● Assignment: In the entries that follow, find the line containing "Tričkový top - jemná modrá" and the line containing "Tranh vẽ con khỉ chưa tô màu", then retype exactly the lines from the first through the second, pictures excluded.

● Raw data:
= = = = = = =
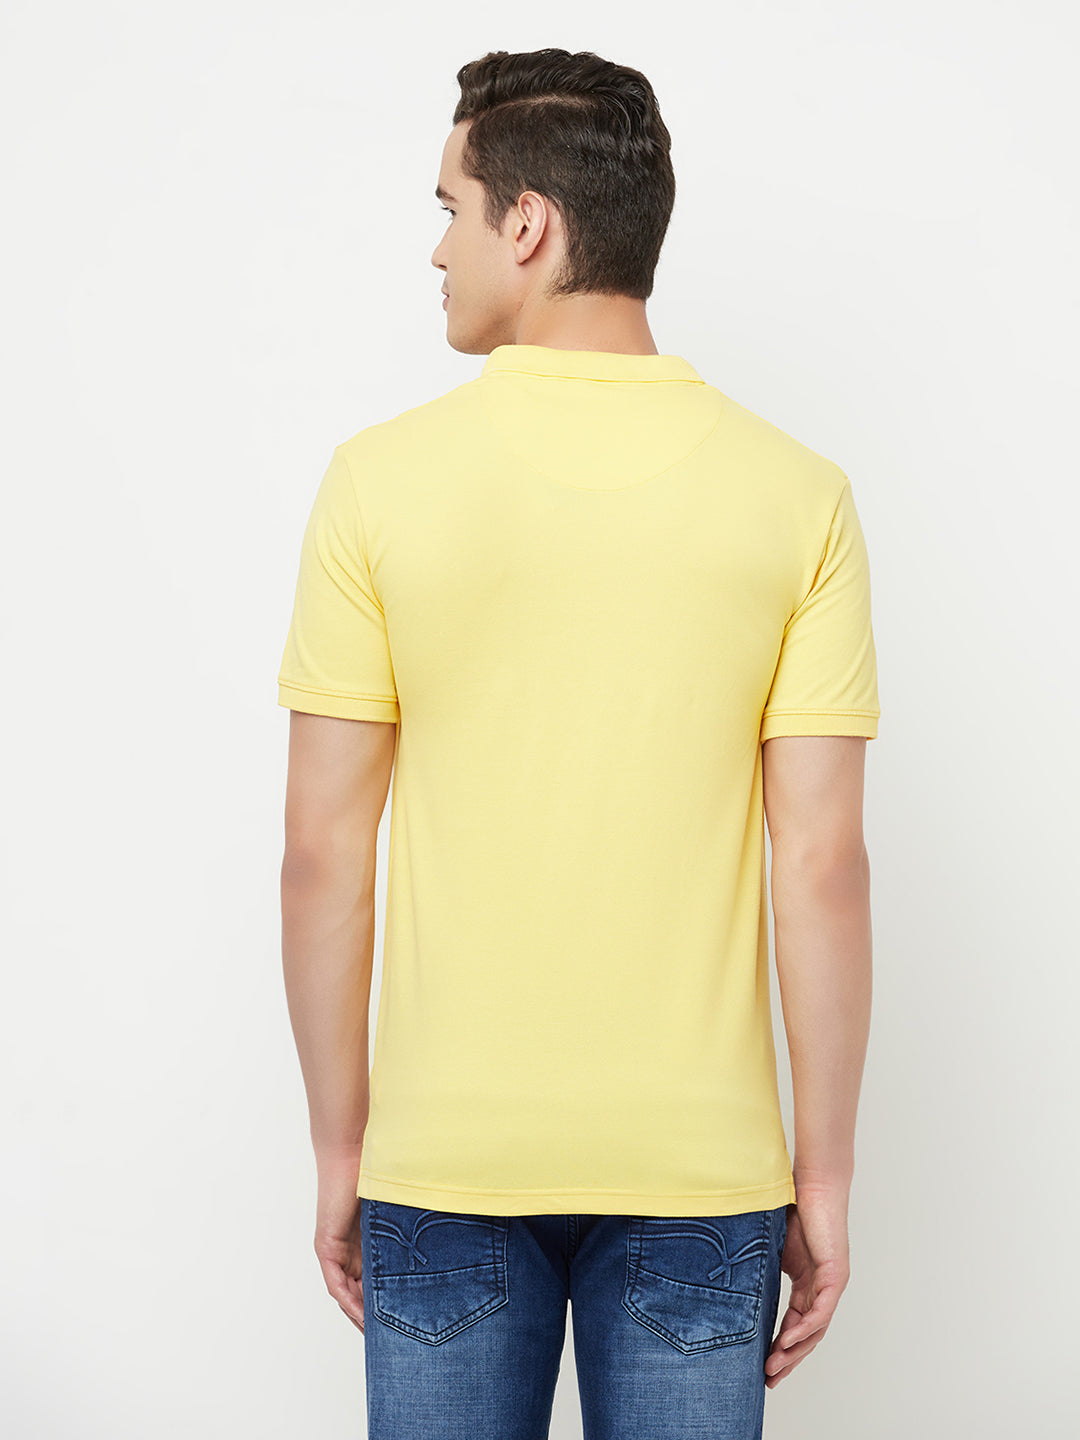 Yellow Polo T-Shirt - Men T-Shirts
= = = = = = =
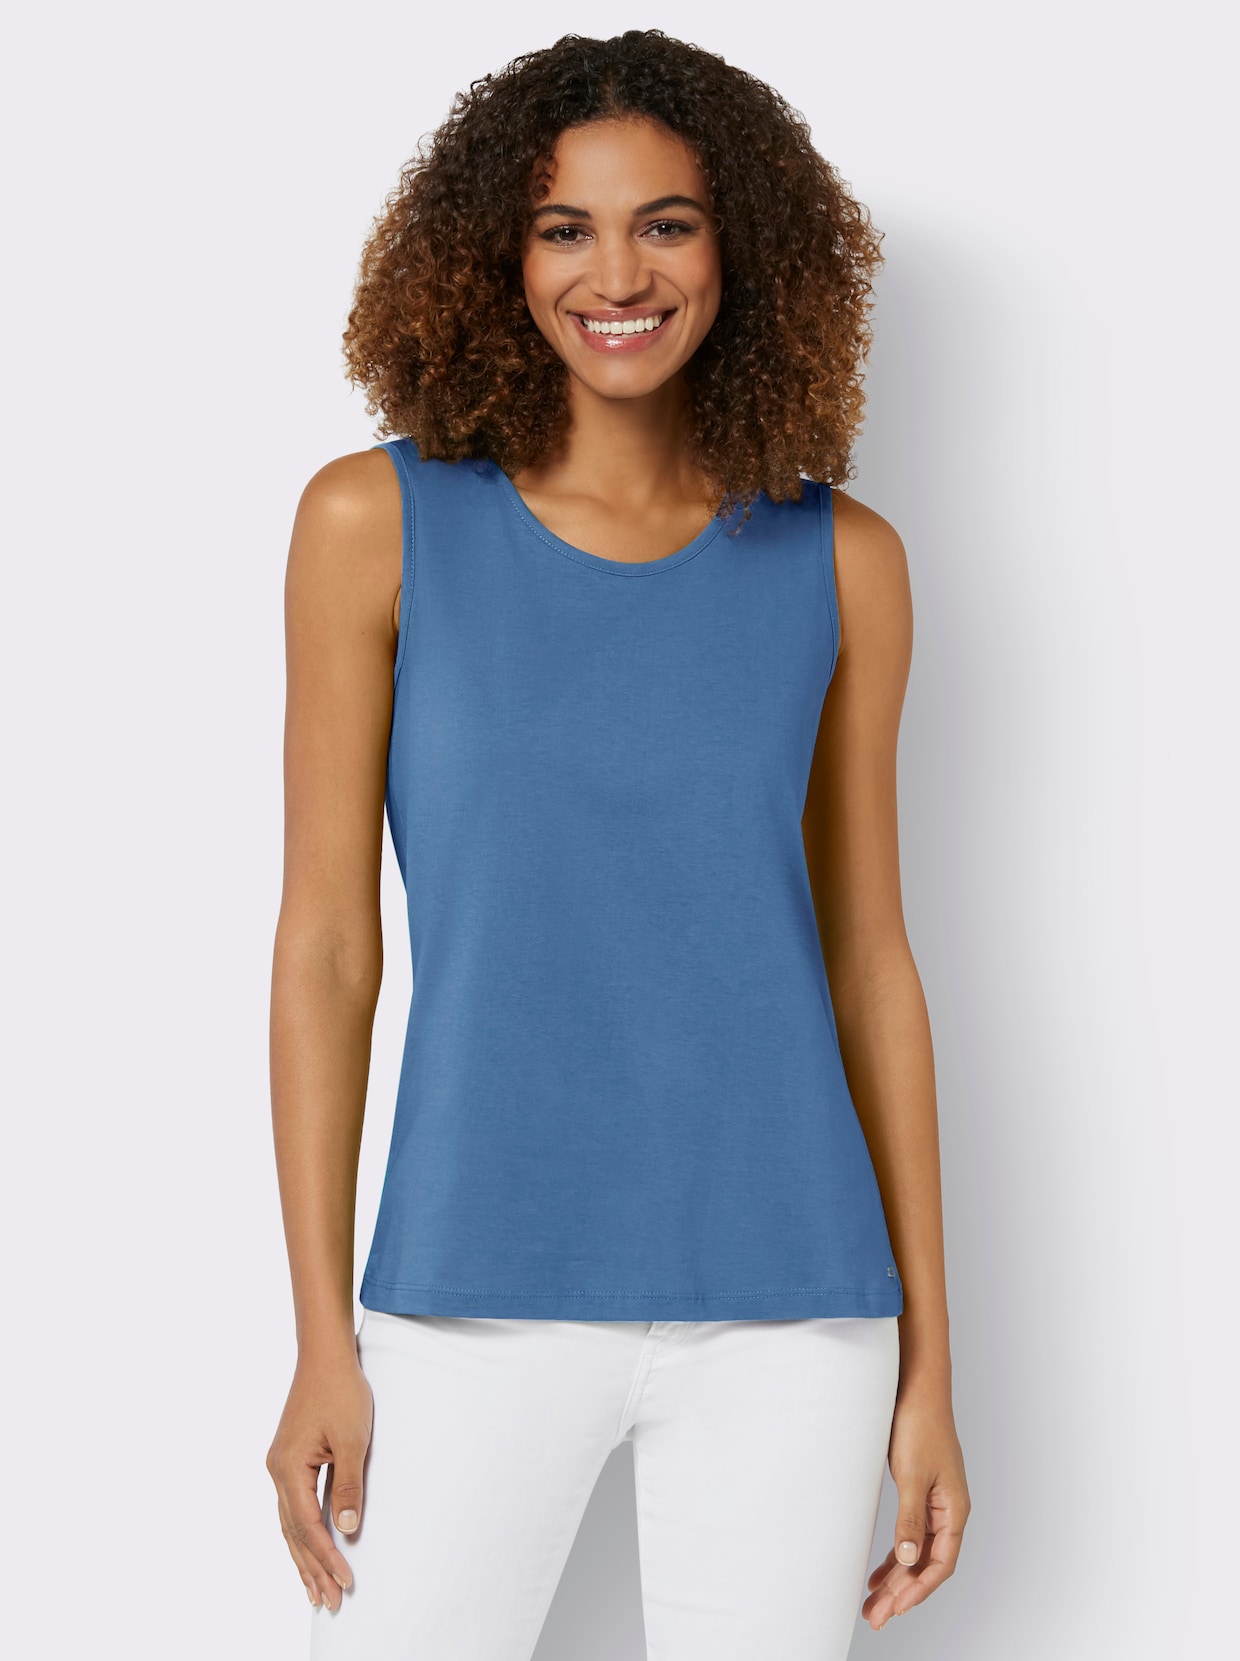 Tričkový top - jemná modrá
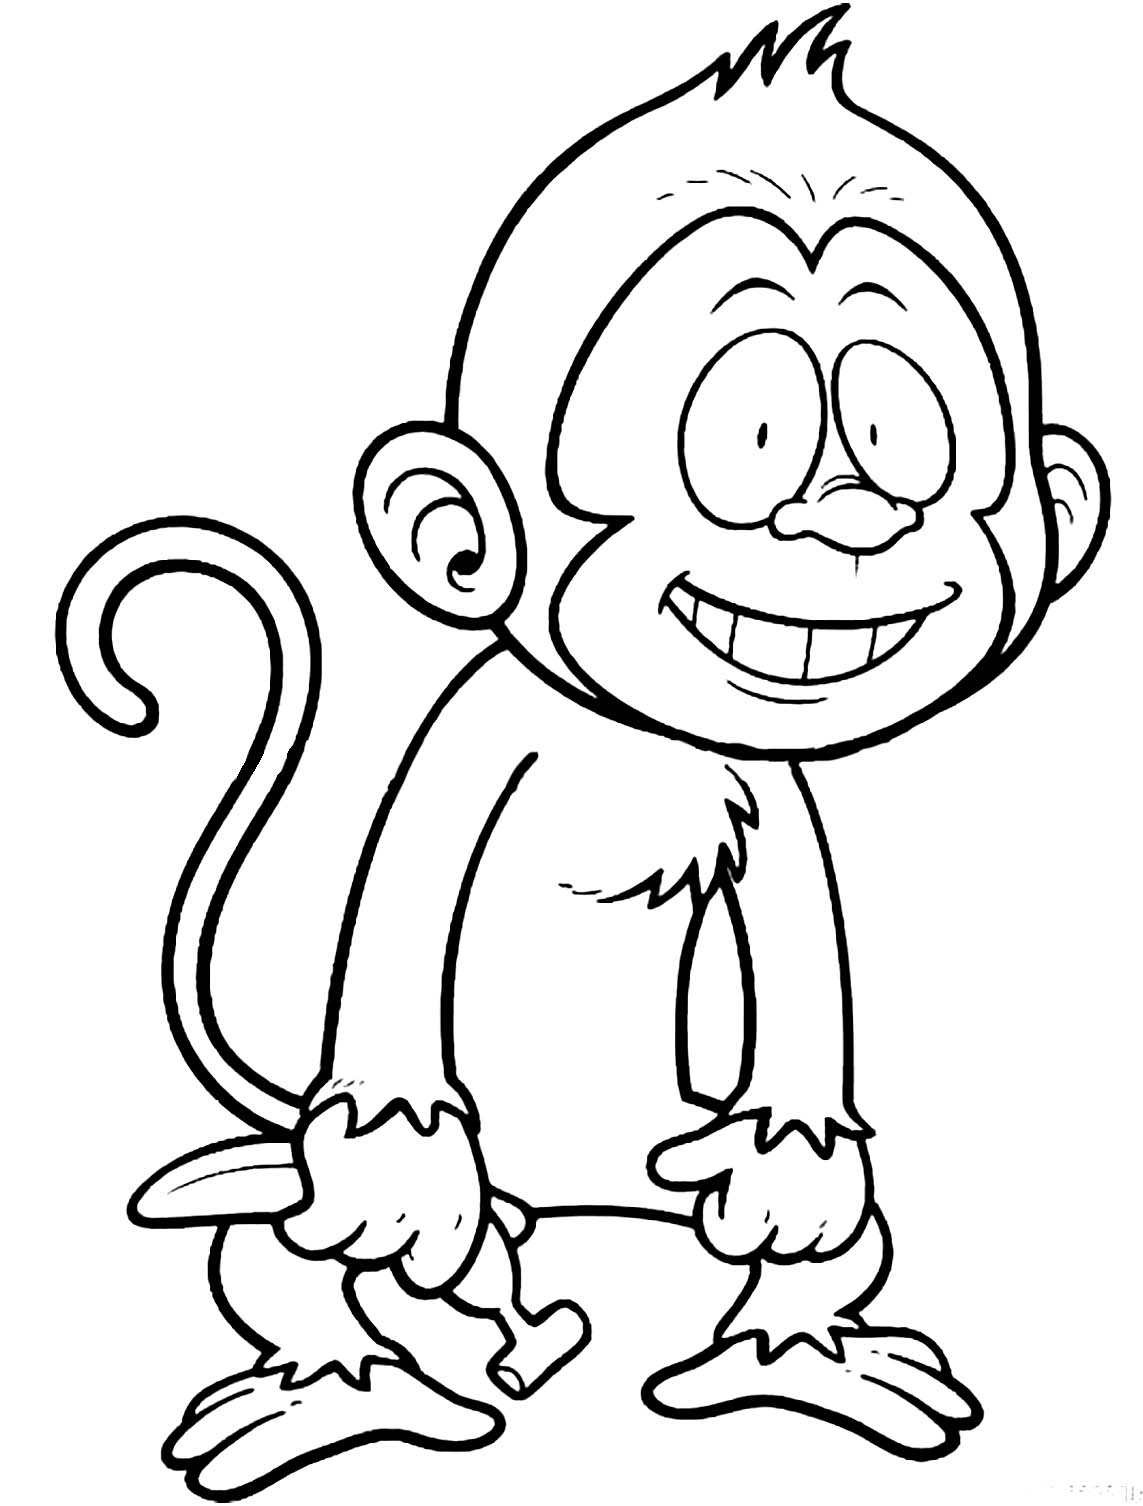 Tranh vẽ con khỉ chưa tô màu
= = = = = = =
● Worked solution:
 Tričkový top - jemná modrá
 Tranh vẽ con khỉ chưa tô màu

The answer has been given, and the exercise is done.